Is a wildcard DNS record bad practice?

Solution 1:

If you ever put a computer in that domain, you will get bizarre DNS failures, where when you attempt to visit some random site on the Internet, you arrive at yours instead.

Consider: You own the domain example.com. You set up your workstation and name it. ... let's say, yukon.example.com. Now you will notice in its /etc/resolv.conf it has the line:

search example.com

This is convenient because it means you can do hostname lookups for, e.g. www which will then search for www.example.com automatically for you. But it has a dark side: If you visit, say, Google, then it will search for www.google.com.example.com, and if you have wildcard DNS, then that will resolve to your site, and instead of reaching Google you will wind up on your own site.
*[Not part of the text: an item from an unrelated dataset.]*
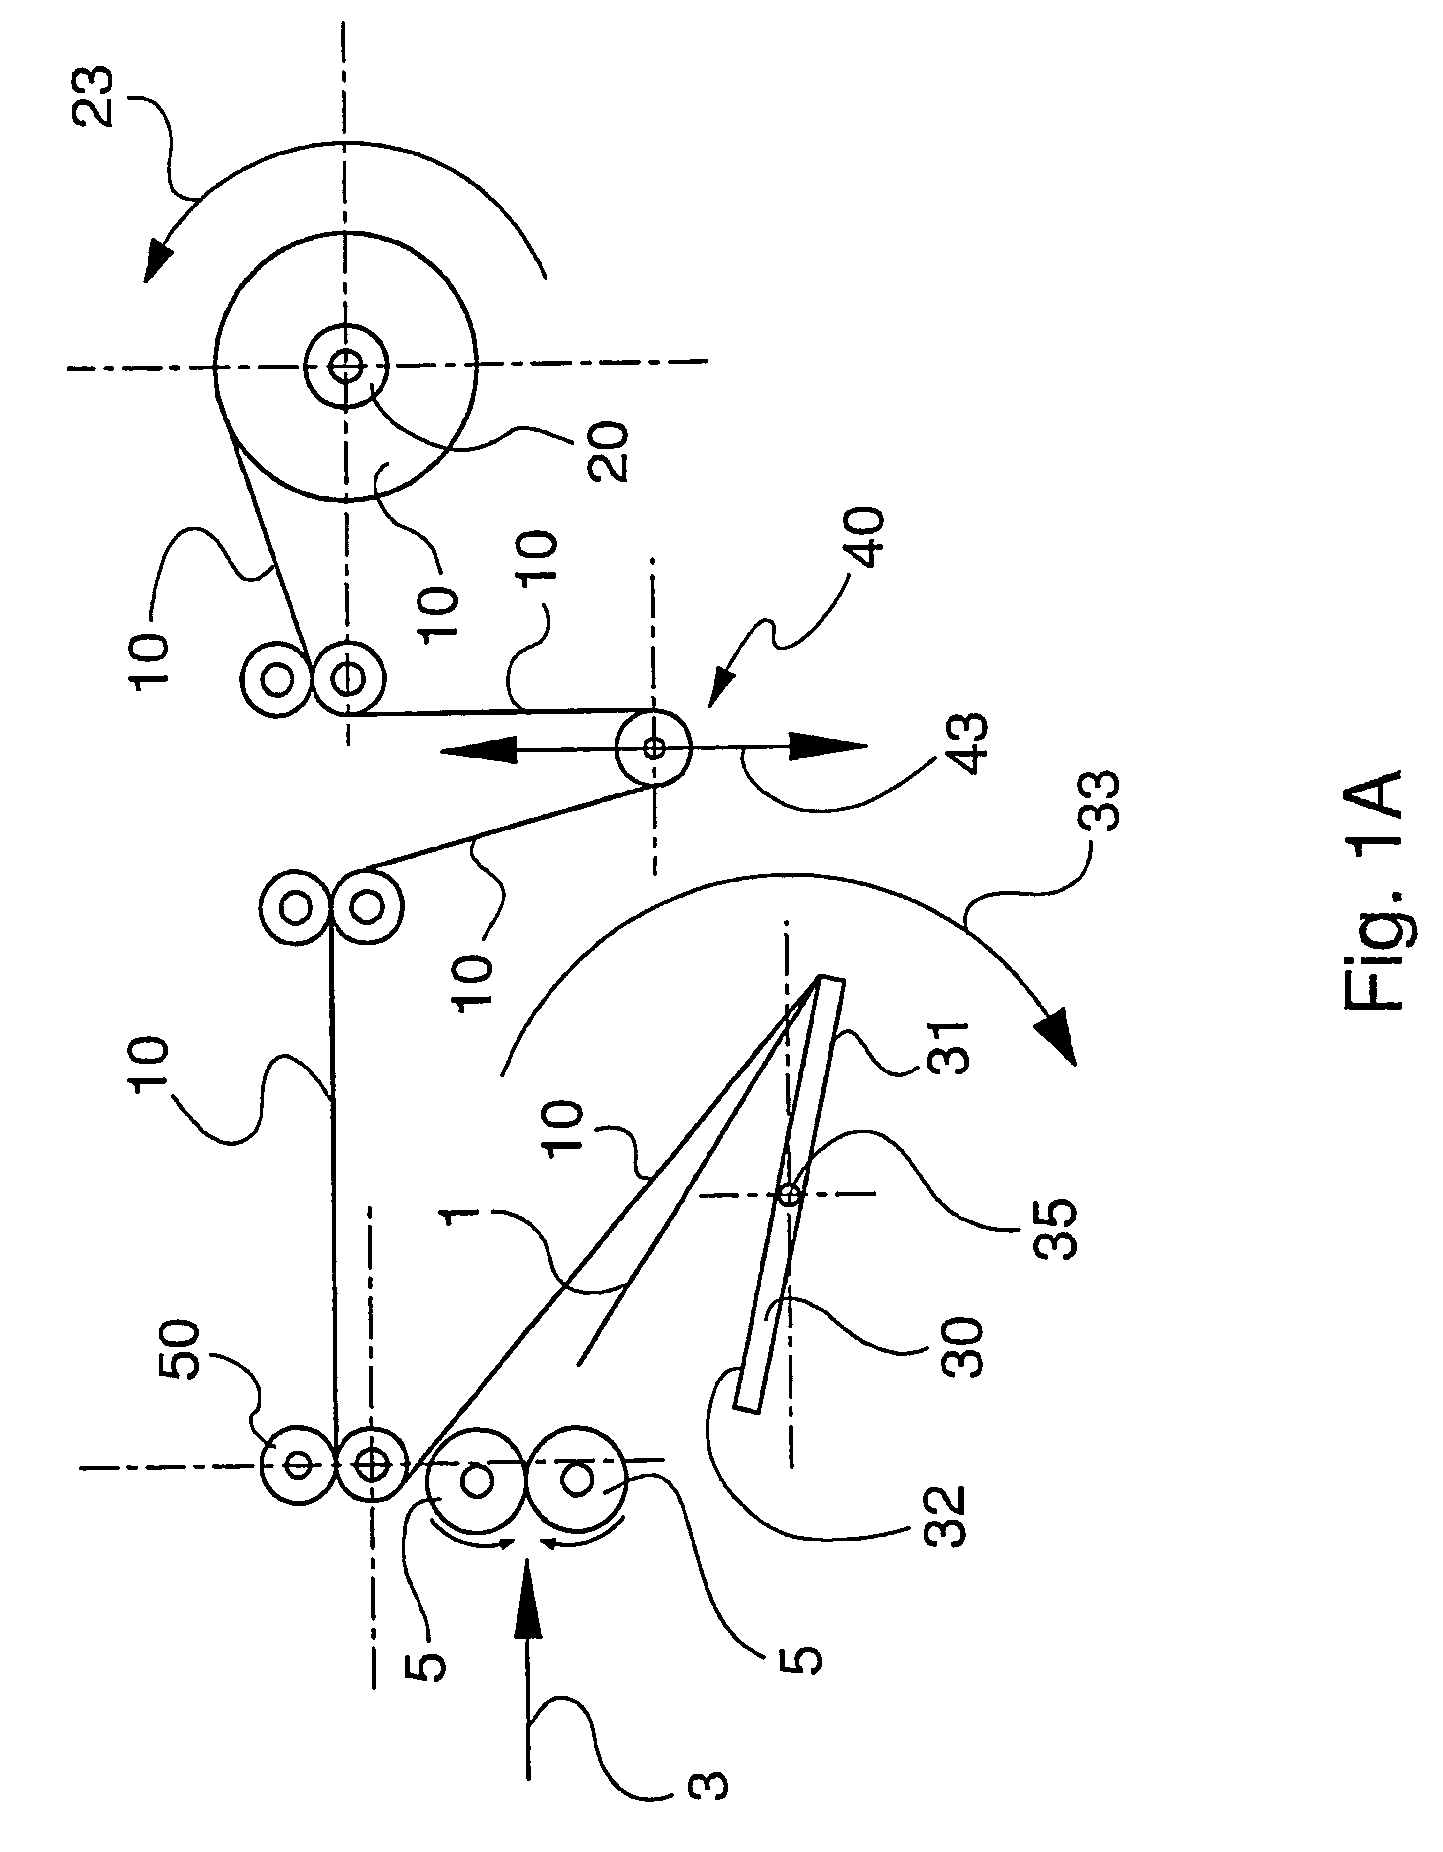 Device and method for storing and/or dispensing rigid or flexible substantially planar items

This applies equally to the server on which you're running your web site! If it ever has to call external services, then the hostname lookups can fail in the same way. So api.twitter.com for example suddenly becomes api.twitter.com.example.com, routes directly back to your site, and of course fails.

This is why I never use wildcard DNS.

Solution 2:

Is a wildcard DNS record bad practice?

Personally, I don't like it. Especially when there are machines in that domain. Typos go unchecked, errors are less obvious... but there's nothing fundamentally wrong with it.

The only negative I found is that someone could link to my site using http://i.dont.like.your.website.mywebsite.tld.

Have your http server redirect all such requests to the proper, canonical addresses, or not respond at all. For nginx that would be something like:

server {
    listen 80;
    server_name *.mywebsite.tld;
    return 301 $scheme://mywebsite.tld$request_uri;
    }

and then the regular

server {
    listen  80;
    server_name mywebsite.tld;
    [...]
    }

Solution 3:

It's all a matter of opinion. For me it's not bad practice.

I'm creating a multi-tenant app which uses a database per tenant. It then selects the database to be used based on the subdomain.

For example milkman.example.com will use the tenant_milkman database.

Like this I have separated tables for each tenant, like, tenant_milkman.users, tenant_fisherman.users, tenant_bobs_garage.users, which in my opinion is a huge lot easier to maintain for this specific app, instead of having all users from all companies in the same table.

[edit - Michael Hampton has a good point]

That being said, if you don't have a specific reason to accept any (variable) subdomain, like I do, then you shouldn't accept them.